The Fair Deal faced opposition by a coalition of conservative Republicans and predominantly southern conservative Democrats. However, despite strong opposition, there were elements of Truman's agenda that did win congressional approval, such as the public housing subsidies cosponsored by Republican Robert A. Taft under the 1949 National Housing Act, which funded slum clearance and the construction of 810,000 units of low-income housing over a period of six years.

Truman was also helped by the election of a Democratic Congress in 1948. According to Eric Leif Davin, the 1949–50 Congress 'was the most liberal Congress since 1938 and produced more "New-Deal-Fair Deal" legislation than any Congress between 1938 and Johnson's Great Society of the mid-1960s." As noted by political scientist Richard Neustadt, a former adviser to President Truman:

This was the Congress that reformed the Displaced Persons Act, increased the minimum wage, doubled the hospital construction program, authorized the National Science Foundation and the rural telephone program, suspended the 'sliding scale' on price supports, extended the soil conservation program, provided new grants for planning state and local public works and plugged the long-standing merger loophole in the Clayton Act...Moreover, as protector, as defender, wielder of the veto against encroachments on the liberal preserve, Truman left a record of considerable success – an aspect of the Fair Deal not to be discounted.

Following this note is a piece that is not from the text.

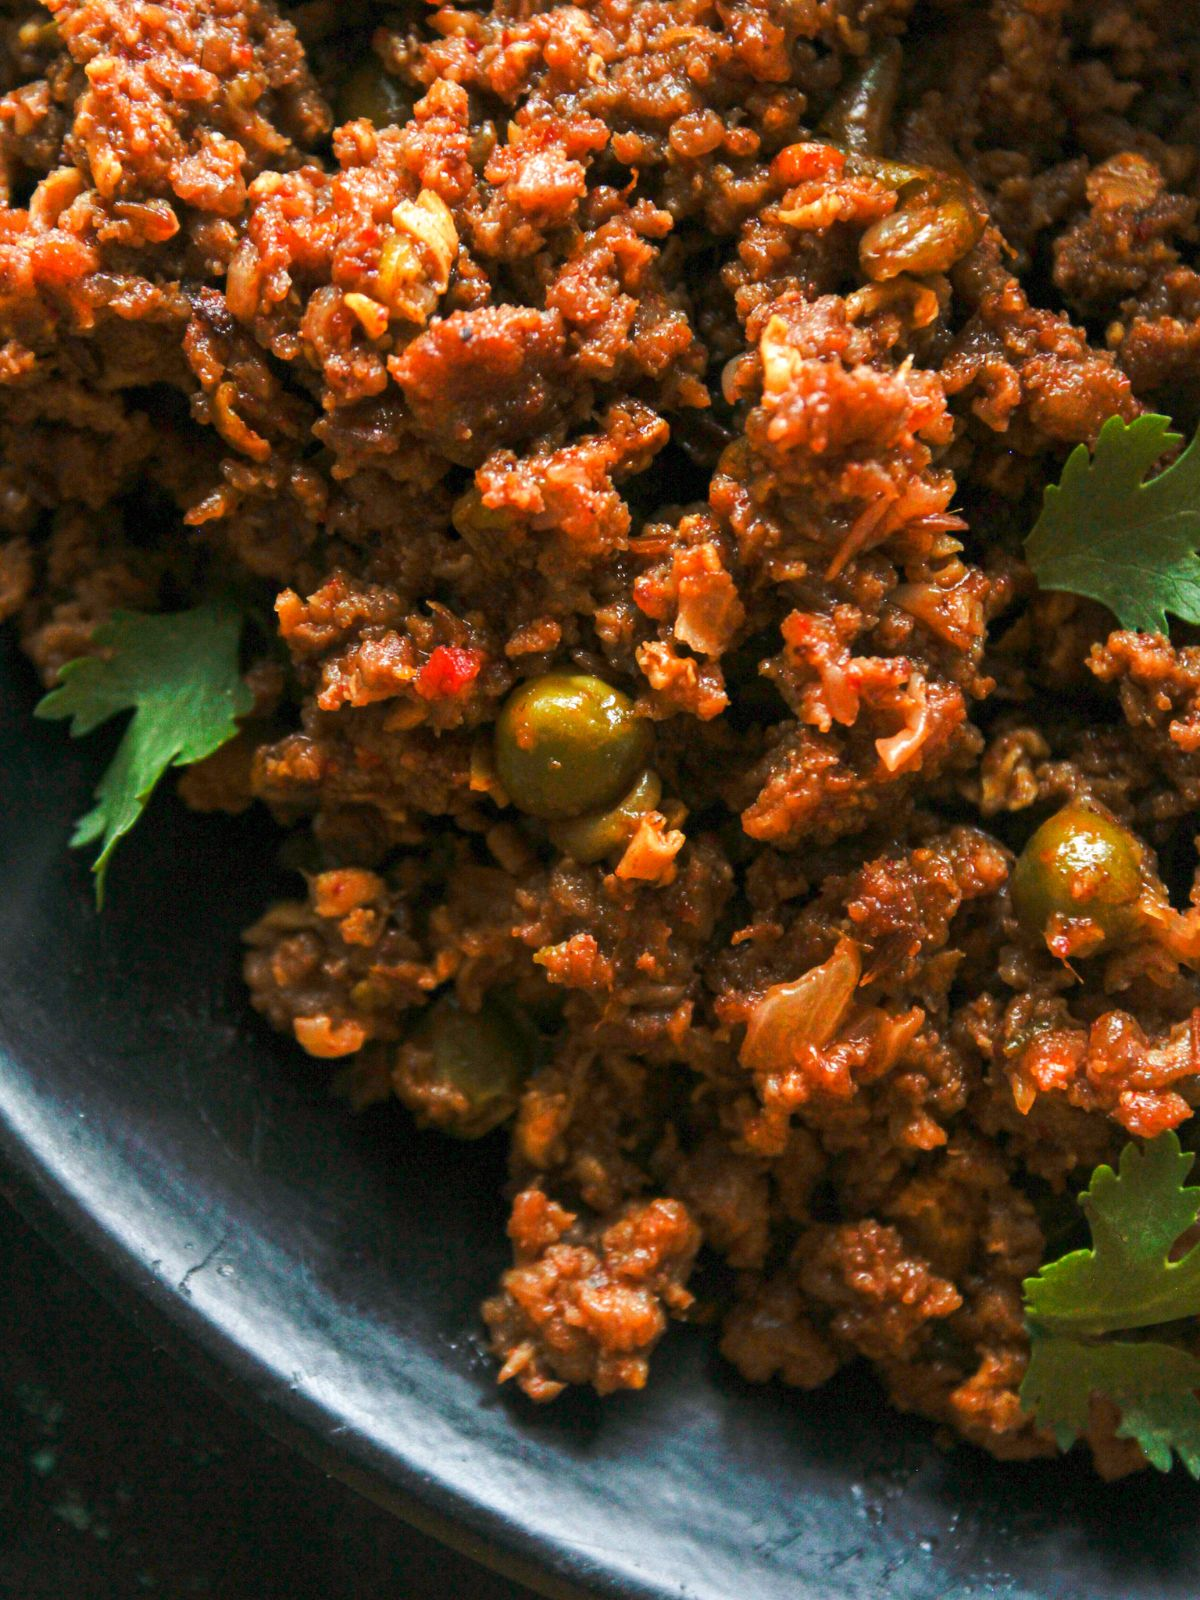 Black plate of ground meat keema

Although Truman was unable to implement his Fair Deal program in its entirety, a great deal of social and economic progress took place in the late forties and early fifties. A census report confirmed that gains in housing, education, living standards, and income under the Truman administration were unparalleled in American history. The minimum wage had also been increased while Social Security benefits had been doubled, and eight million veterans had attended college by the end of the Truman administration as a result of the G.I. Bill, which subsidized the businesses, training, education, and housing of millions of returning veterans.

Millions of homes had been financed through previous government programs, and a start was made in slum clearance. Poverty was also significantly reduced, with one estimate suggesting that the percentage of Americans living in poverty had fallen from 33% of the population in 1949 to 28% by 1952. Incomes had risen faster than prices, which meant that real living standards were considerably higher than seven years earlier. Progress had also been made in civil rights, with the desegregation of both the federal civil Service and the armed forces and the creation of the President's Committee on Civil Rights. In fact, according to one historian, Truman had "done more than any President since Lincoln to awaken American conscience to the issues of civil rights".

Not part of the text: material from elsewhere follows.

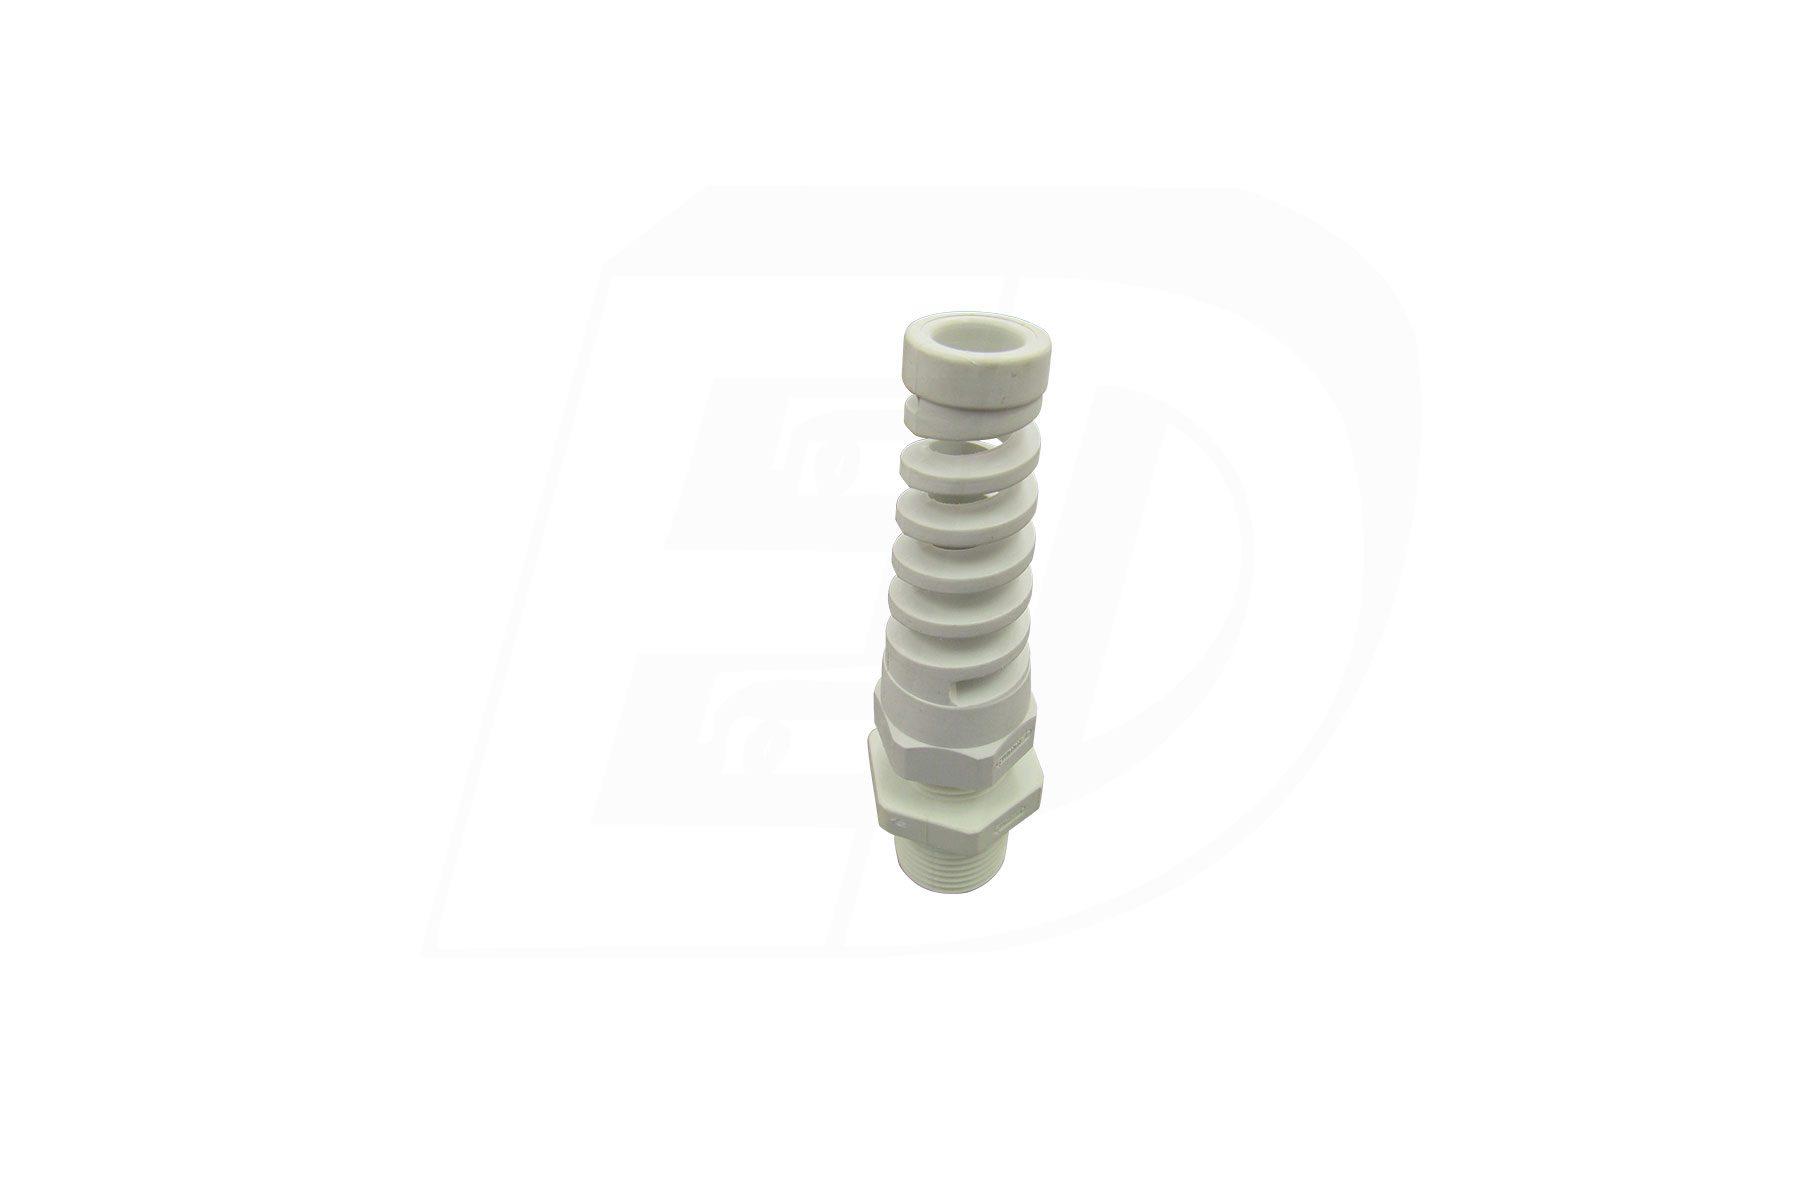 Nylon Straight Flex Liquid Tight Cable Strain Relief Connector
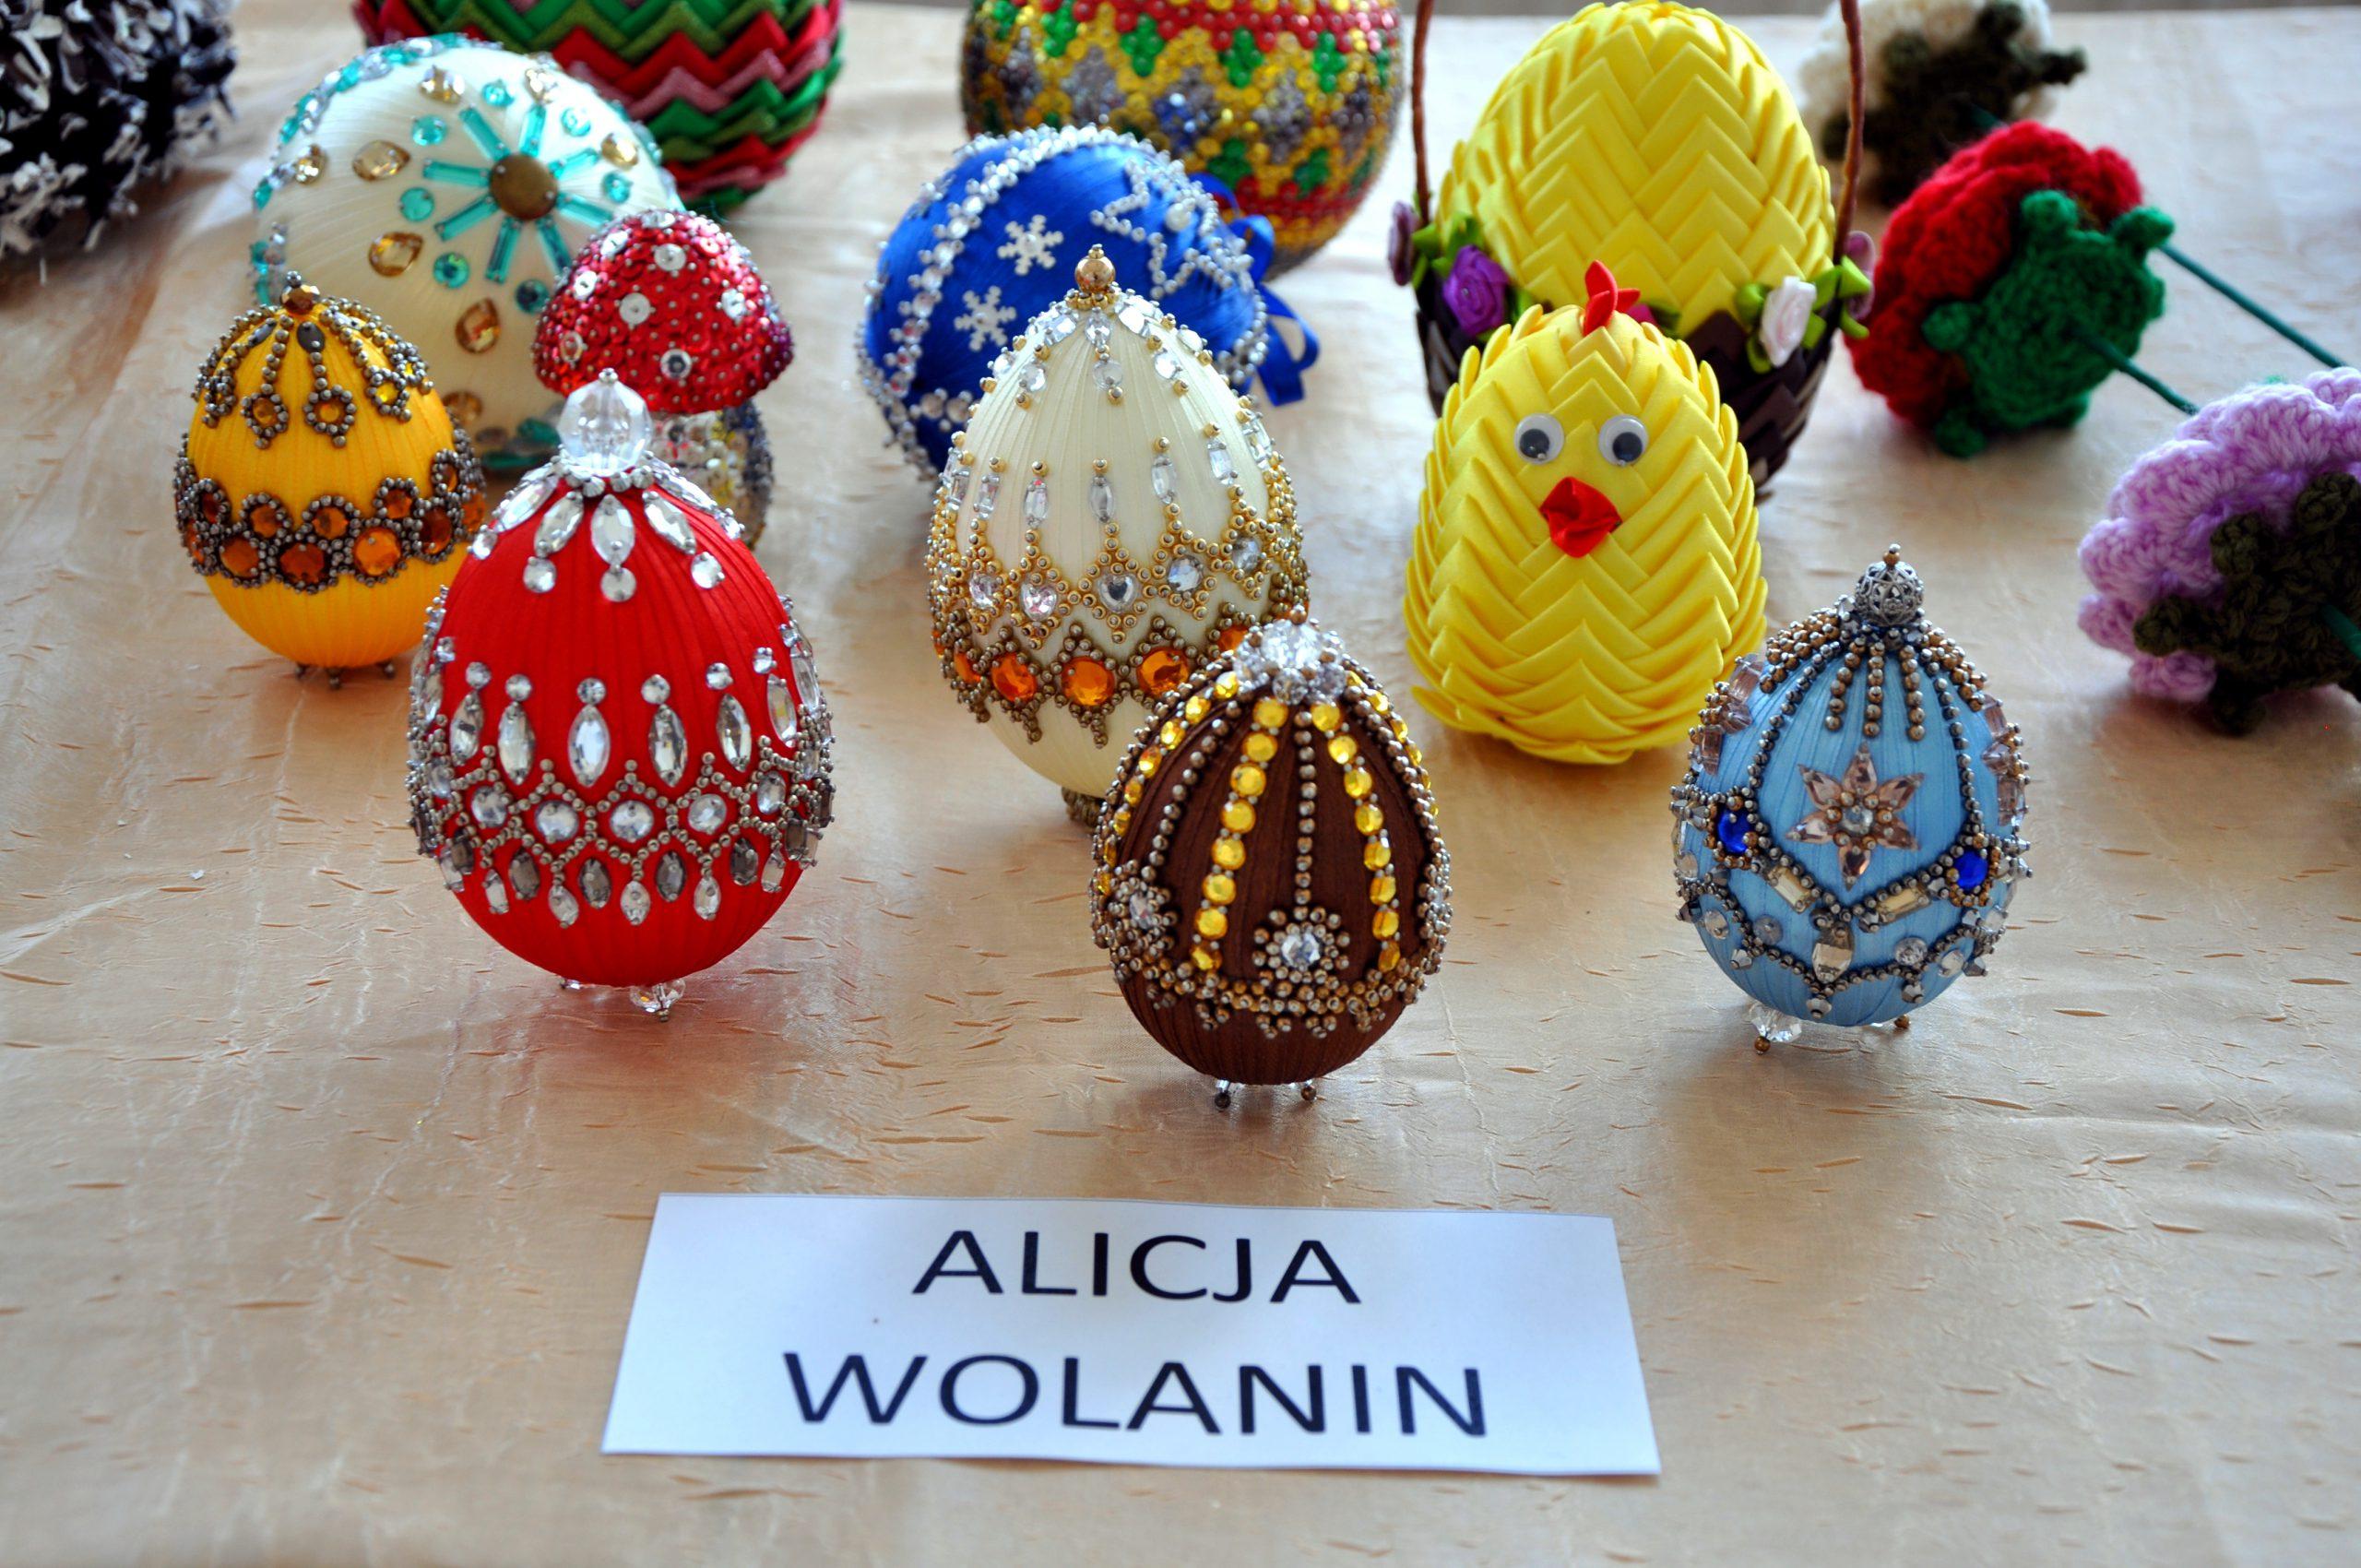 A. WOLANIN

==Legislation and programs==
Note: This listing contains reforms drawn up by the Truman Administration together with reforms drawn up by individual Congressmen. The latter have been included because it is arguable that the progressive nature of these reforms (such as the Water Pollution Law, which was partly a Republican initiative) was compatible with the liberalism of the Fair Deal.

===Civil rights===
As Senator, Truman had not supported the nascent Civil Rights Movement. In a 1947 speech to the National Association for the Advancement of Colored People (NAACP), which marked the first time a sitting president had ever addressed the group, Truman said "Every man should have the right to a decent home, the right to an education, the right to adequate medical care, the right to a worthwhile job, the right to an equal share in the making of public decisions through the ballot, and the right to a fair trial in a fair court."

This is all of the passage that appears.